Trump never admitted to having been tricked. Once Atlas had introduced clarity and reason, Trump just decided to stop talking about it, as if that last six months of catastrophe had never happened. Trump eventually got Covid, shook it off, and finally told the entire country that this is a disease we should not fear

This was his greatest moment. He stood on the balcony of the White House and took off his mask. The media went bonkers with denunciation. 

This is a very difficult history for all of us and many want to forget about the whole thing. But consider that from his March 16, 2020, press conference all the way to the November election, there was never a moment (that I can find) in which Trump decisively and clearly declared that the entire country should open up. If any reader can find a clear statement without footnotes and qualifications, I’m glad to hear about it. 

In the end, Biden was declared the winner, thus shifting the attention of the entire White House for the remaining two months to the fairness of the election itself. The Covid disaster was not part of their talking points, any more than it had any role in his campaign speeches. Trump just wanted to forget about the whole thing that destroyed his presidency and took the House and Senate and many states with it. 

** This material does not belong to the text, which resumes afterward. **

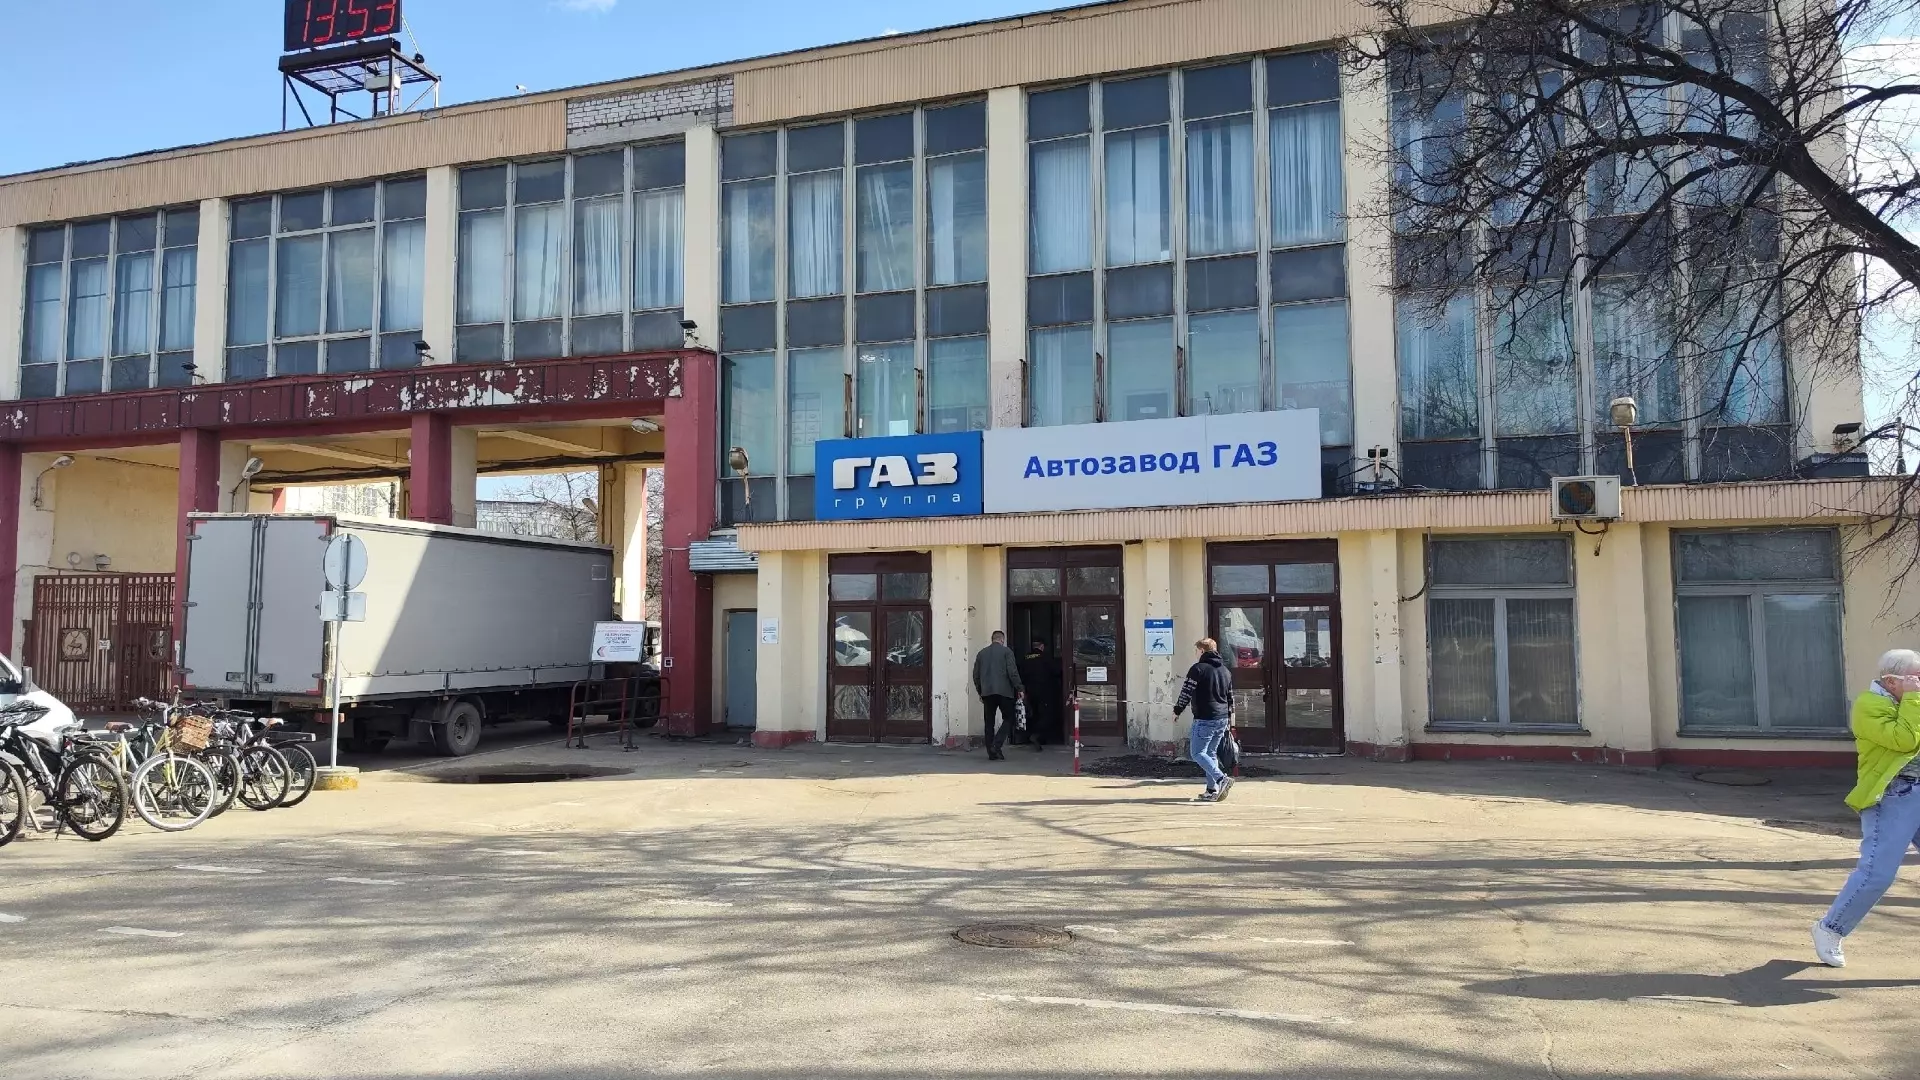 Отложения в прессовом отсеке загорелись на Горьковском автозаводе 24 января

This real-time history is enormously painful for many people on all sides, but we still must deal with the facts. Trump acquiesced to the panic and gave in to very bad advice coming from those who were closest to him. He never admitted his grave error and still does not. 

But in the long run, this game of pretend does no one any good. It was Trump who did this and did not undo this and the course of history was fundamentally changed. His enemies prevailed. His successor not only continued the bad policies but added nationwide mask mandates and vaccine mandates on top of all the existing carnage. As a result, nothing is as it was. And we are left with the fight of our lives, for the basic rights and liberties for which civilization has worked for some 800 years.